* _PROMPT_
Everything in the data gets repeated exactly, except for the pictures.

* _SOURCE DATA_

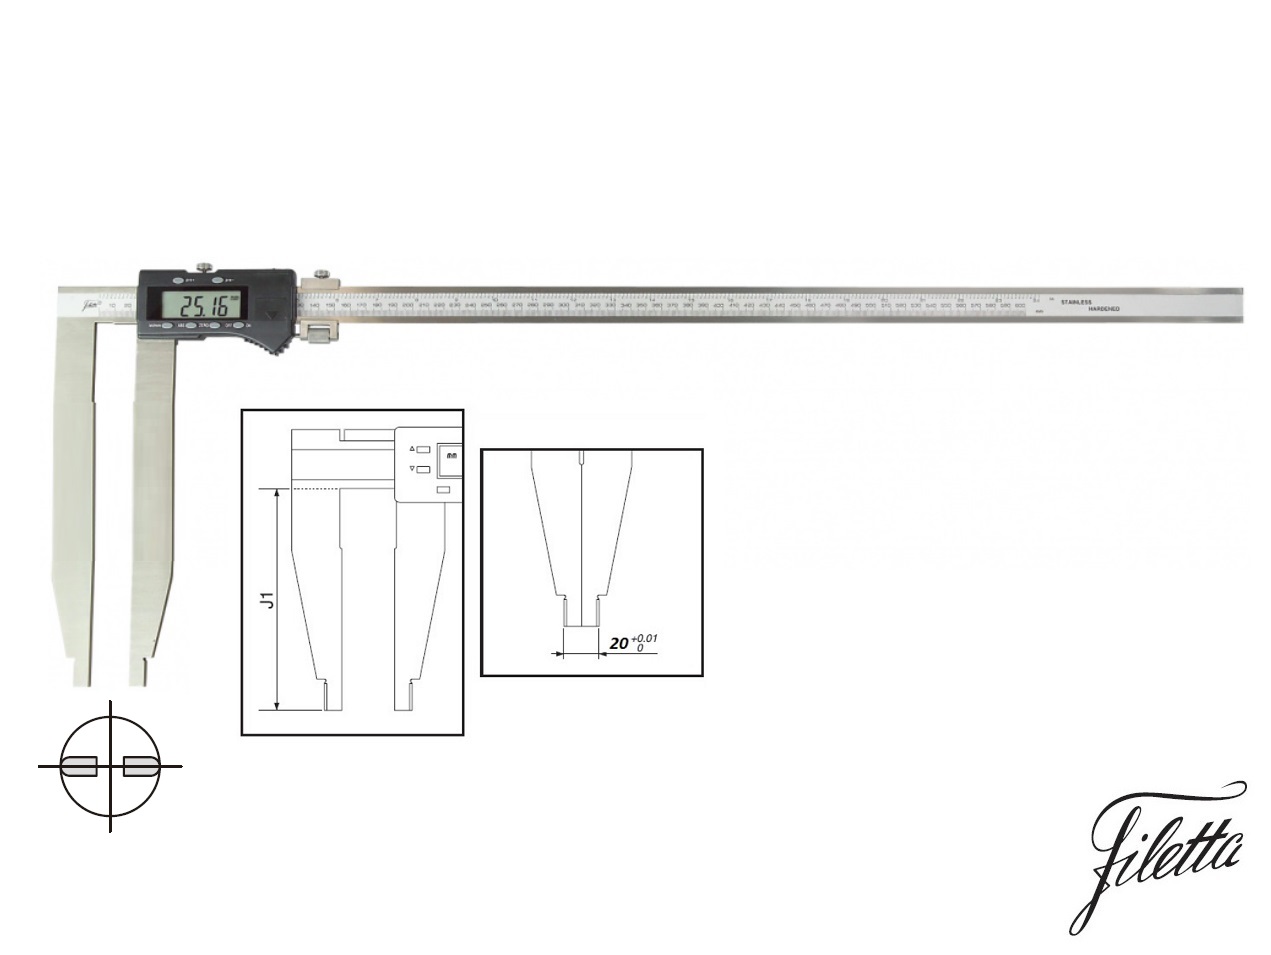 Digitální posuvné měřítko Filetta 0-2000 mm  bez nožíků, s měřicími čelistmi 300 mm
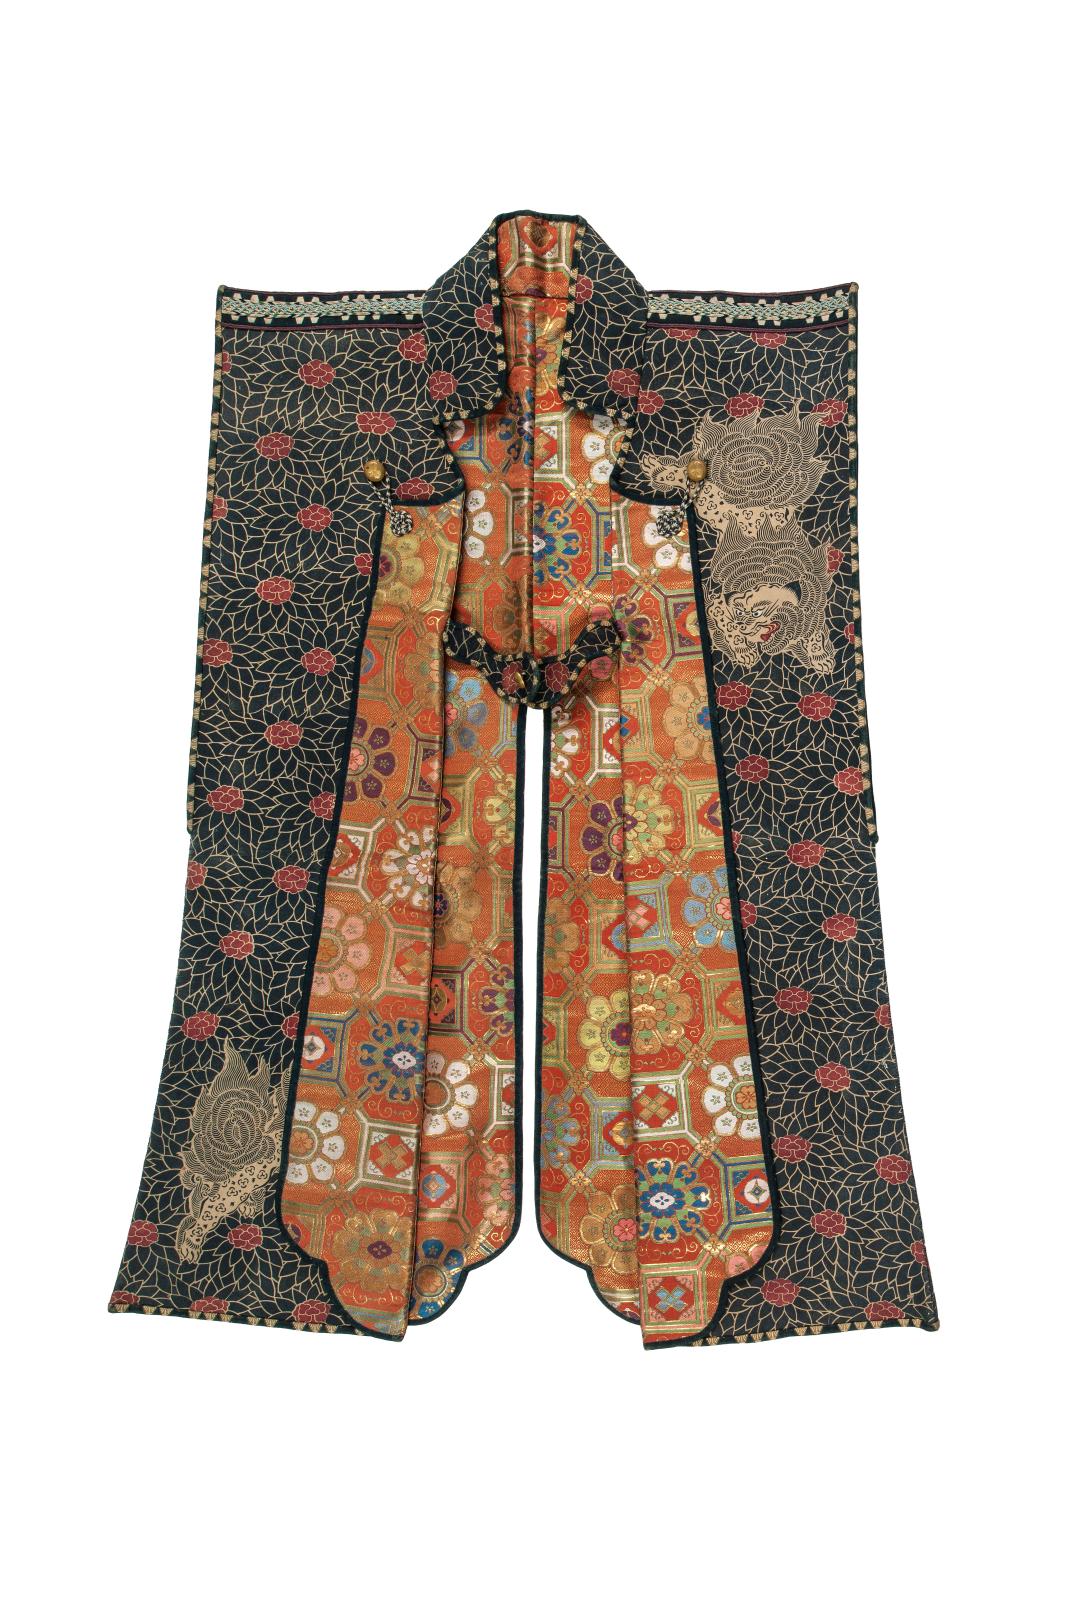 Fin de l’époque d’Edo (1603-1868)-début de l’ère Meiji (1868-1912), XIXe siècle. Veste d’armure (jinbaori), peau animale imprimée, façonné de soie et 
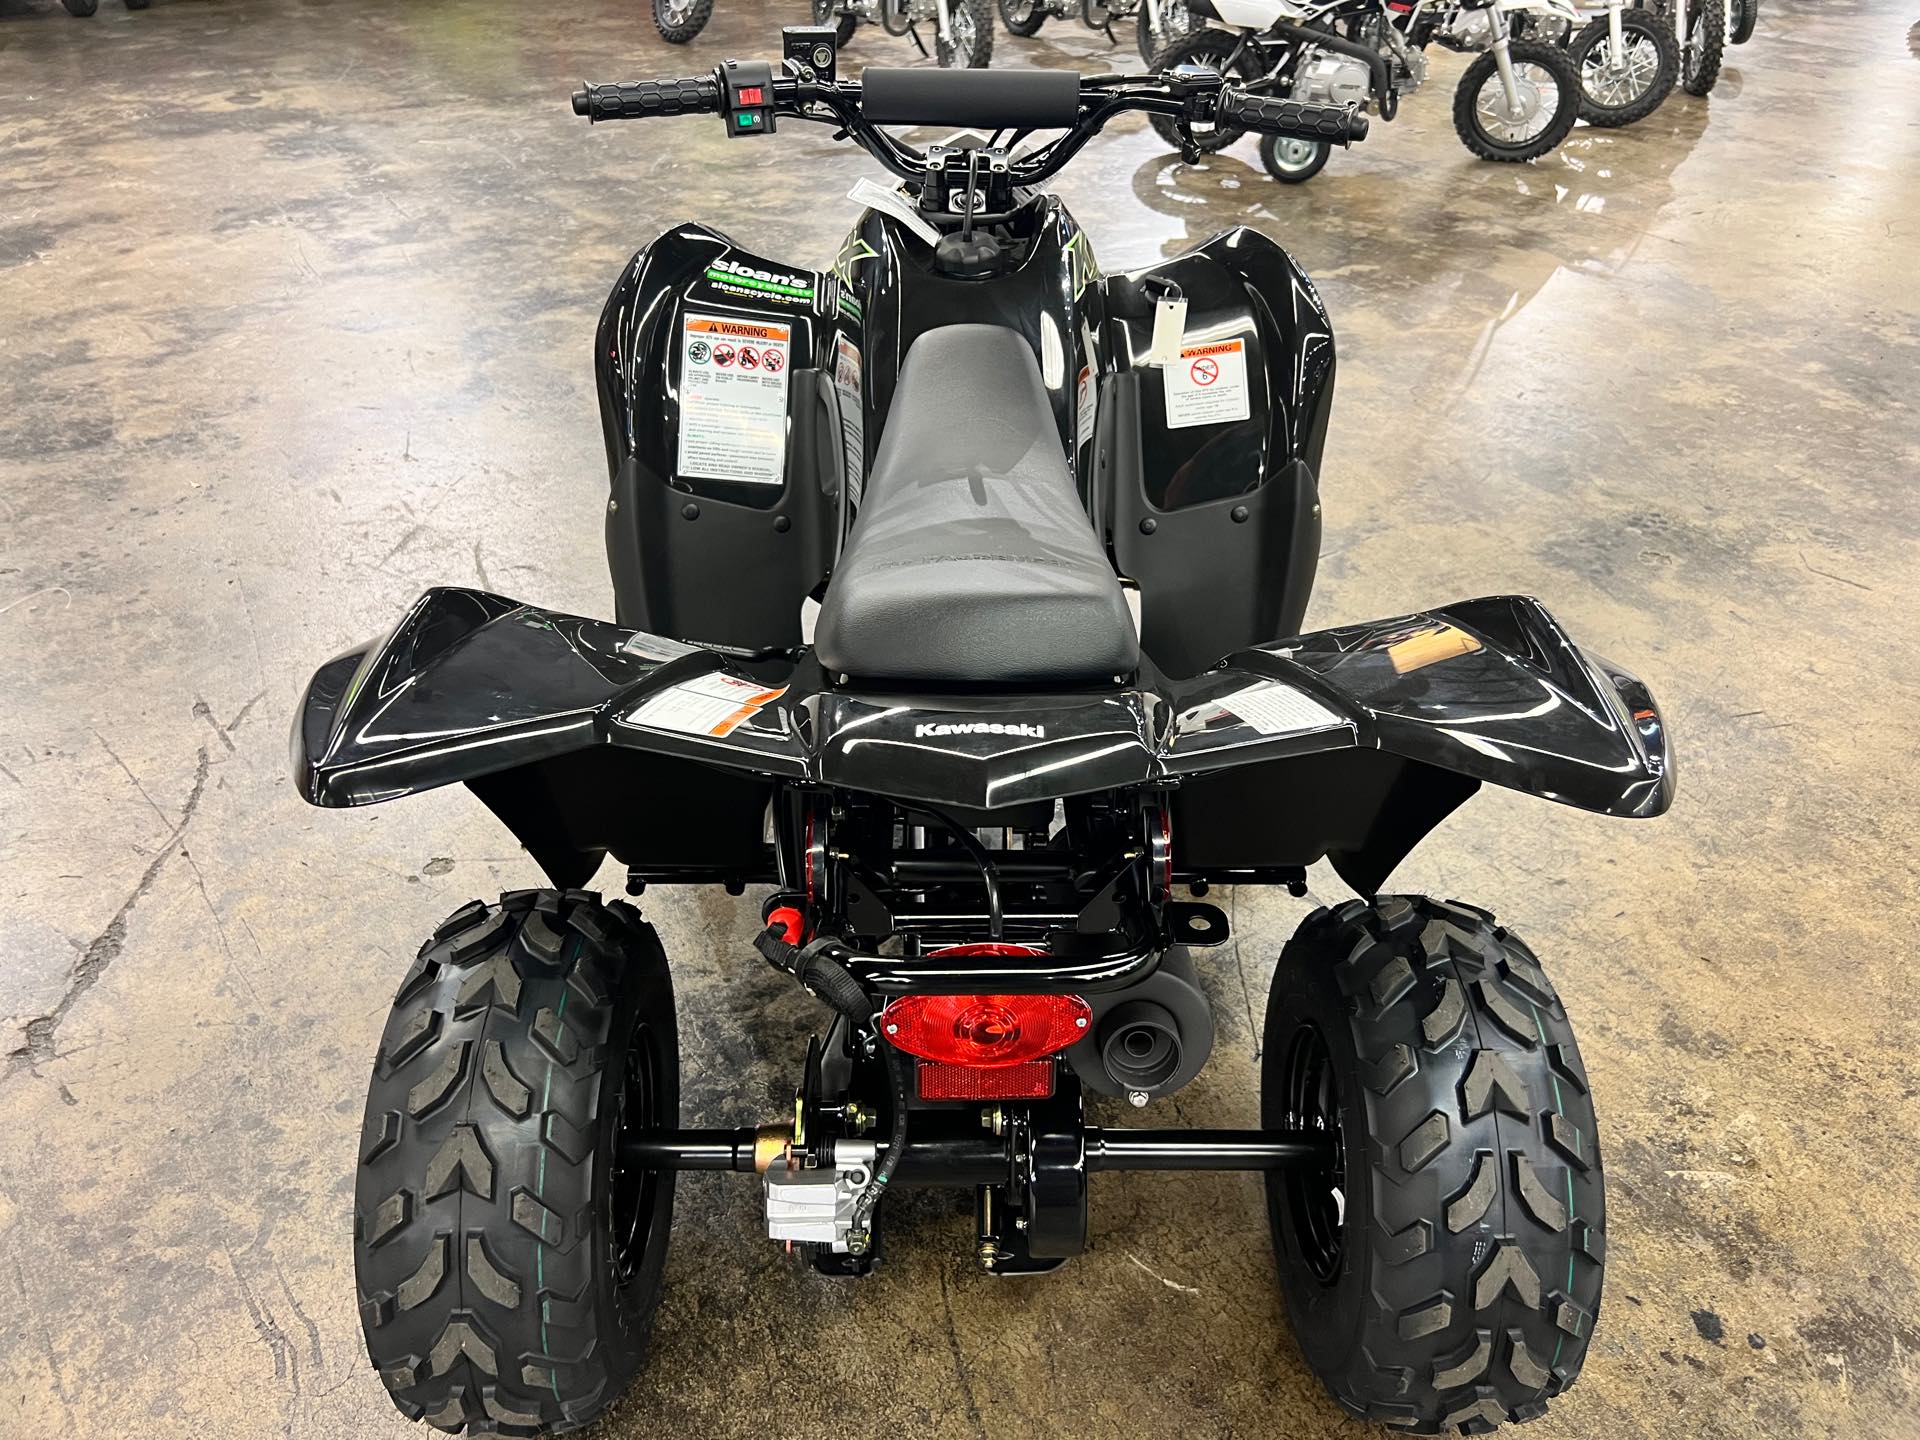 2022 Kawasaki KFX 50 at Sloans Motorcycle ATV, Murfreesboro, TN, 37129

* _EXPECTED ANSWER_
 Digitální posuvné měřítko Filetta 0-2000 mm  bez nožíků, s měřicími čelistmi 300 mm
 Fin de l’époque d’Edo (1603-1868)-début de l’ère Meiji (1868-1912), XIXe siècle. Veste d’armure (jinbaori), peau animale imprimée, façonné de soie et 
 2022 Kawasaki KFX 50 at Sloans Motorcycle ATV, Murfreesboro, TN, 37129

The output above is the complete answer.